What's the point of this page? We already have articles on Vicarius Filii Dei and Pope Joan. This just repeats information from those pages. - Efghij 04:30, 1 Sep 2003 (UTC)

Because people kept asking to pull info on the 666 issue from Papal Tiara into an article like this, dealing generally with this topic. Others myths and legends can also be added in. FearÉIREANN 18:57, 1 Sep 2003 (UTC)

I've most of the information on these myths to their respective articles, to prevent needless duplication. - Efghij 02:34, 2 Sep 2003 (UTC)

Was there not some form of legend relating to at some stage, a horse was made pope?

Not that I've heard. You're probably thinking of one of the nuttier Roman Emperors (I think it was Caligula) who appointed his horse to the Senate. --Gene_poole 22:40, 4 Apr 2005 (UTC)

No.
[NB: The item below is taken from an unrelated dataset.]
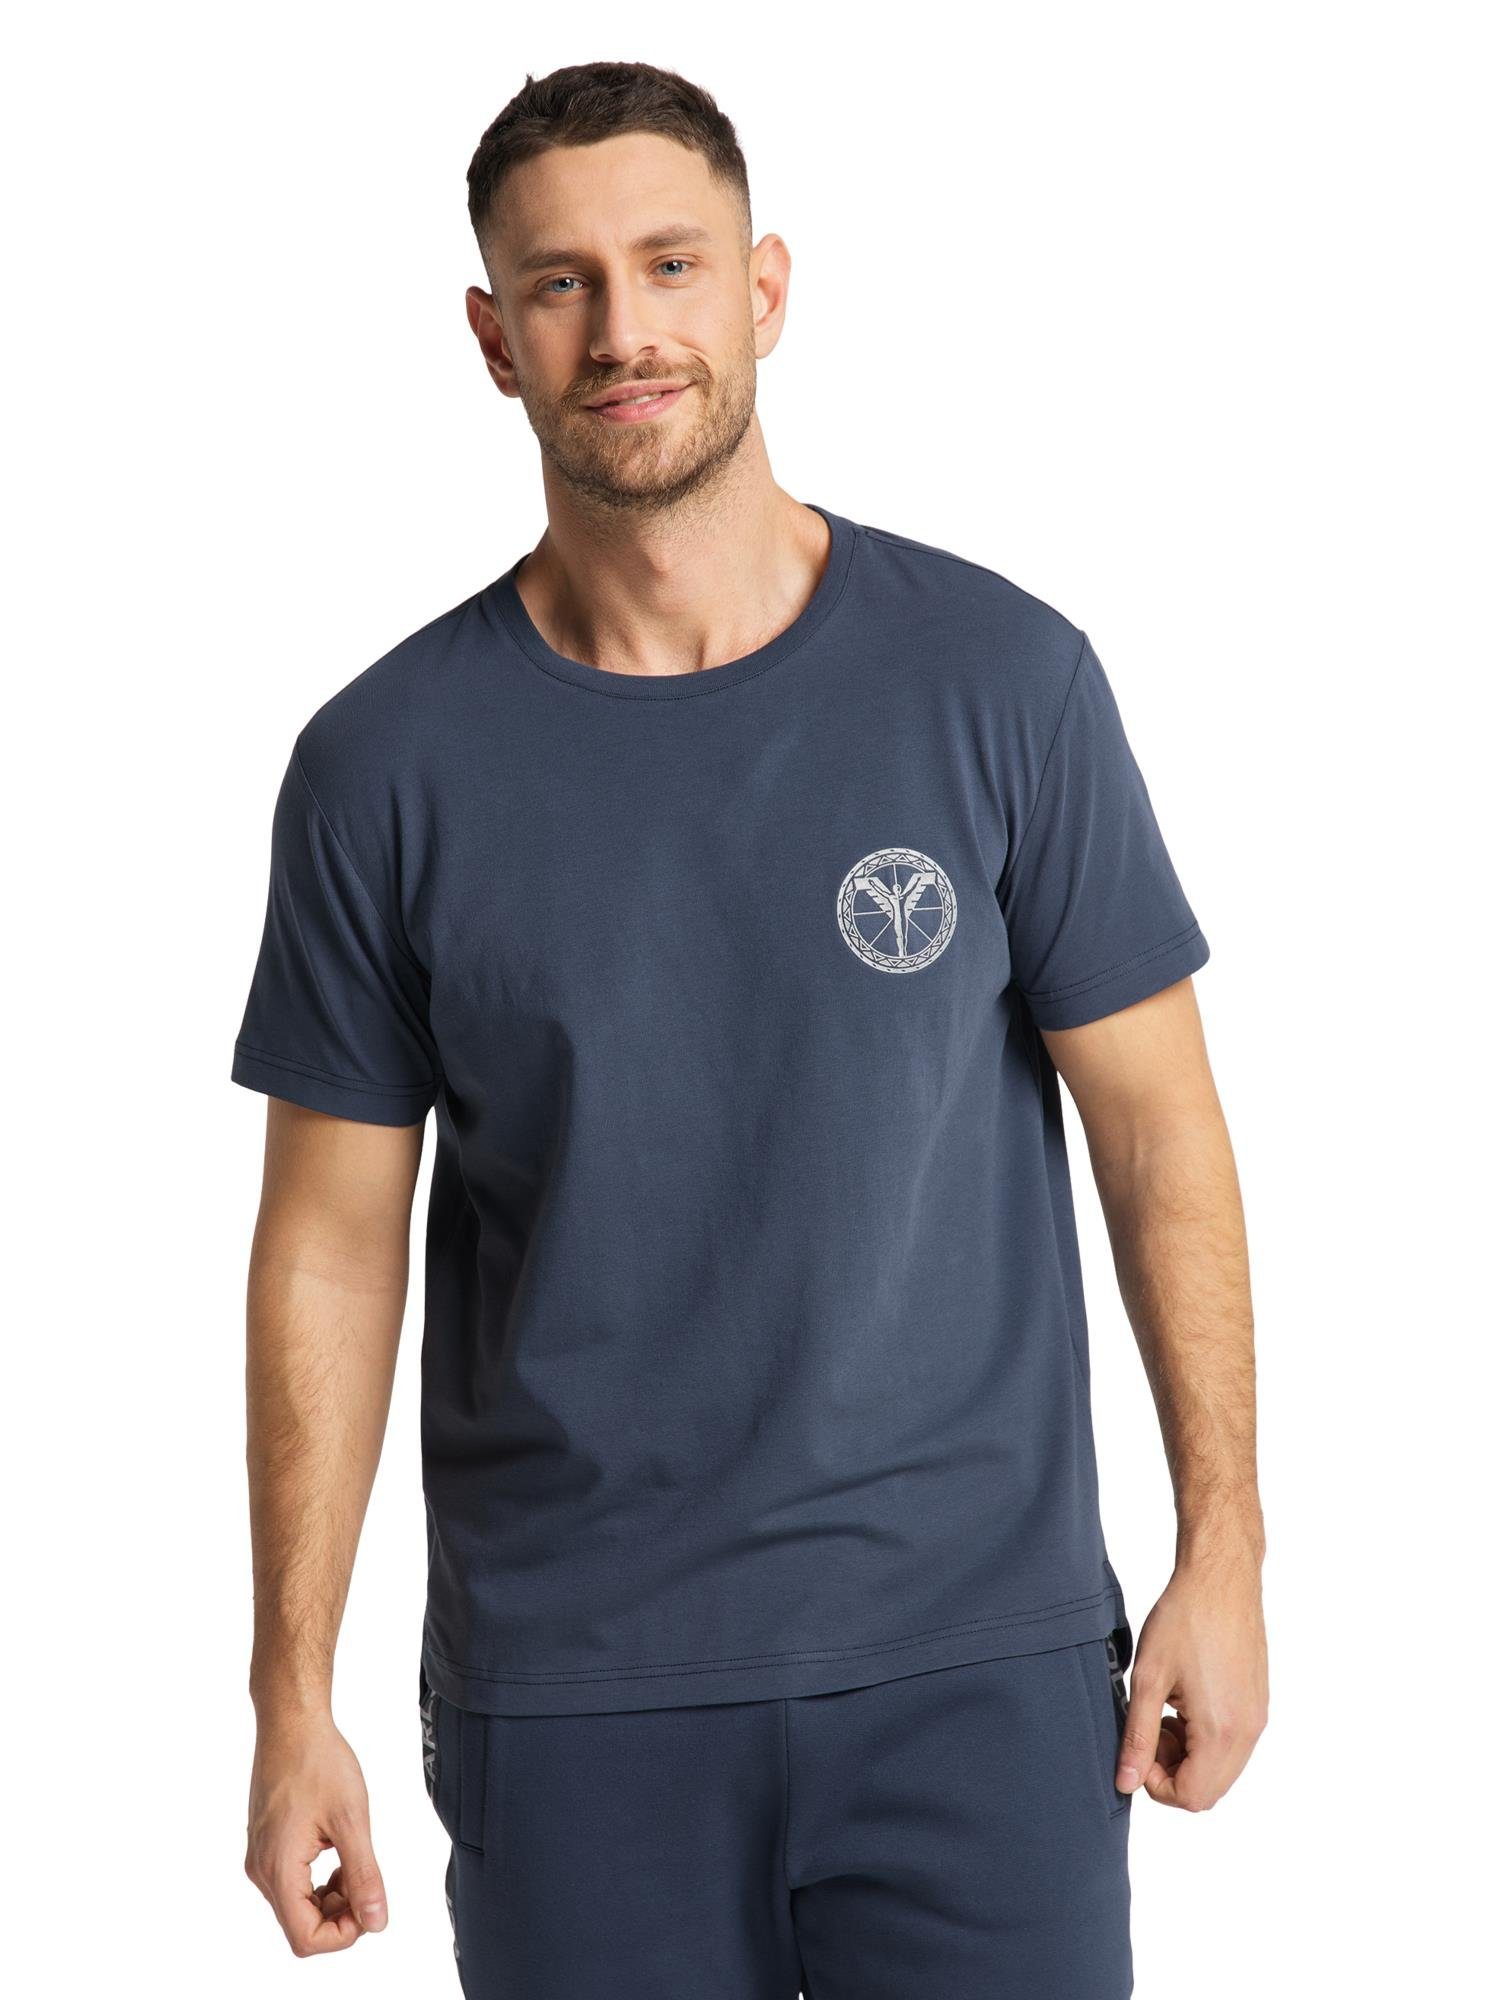 T-Shirt CARLO COLUCCI Navy Campanella

The two big myths concerning horses were about one Roman Emperor making his horse a senator, and Catherine the Great supposedly suffering a heart attack and dying while performing oral sex on a horse. Neither as far as I know is true.

Actually, now that I think of it, there is one allegedly true papal story concerning a horse. Apparently one very pompous pope rode through the streets of Rome in a procession on a mare. Half way through, a horse in the procession broke away and mounted the mare the pope was riding, leaving his Holiness trapped between a randy horse and the mare he was trying to have sex with. The pompous pope was made a laughing stock! FearÉIREANN 22:49, 4 Apr 2005 (UTC)

I have read a similar version of the story involving "a pompous bishop": so probably an urban legend. Jackiespeel (talk) 18:29, 23 March 2009 (UTC)

Should the myth about John Paul II's Doctor Martens be included? The story goes that he had special white 1460s made for him and the Cardinals, but it's an urban legend. Or is that too light hearted for this page? Binkymagnus 18:17, 2005 Apr 23 (UTC)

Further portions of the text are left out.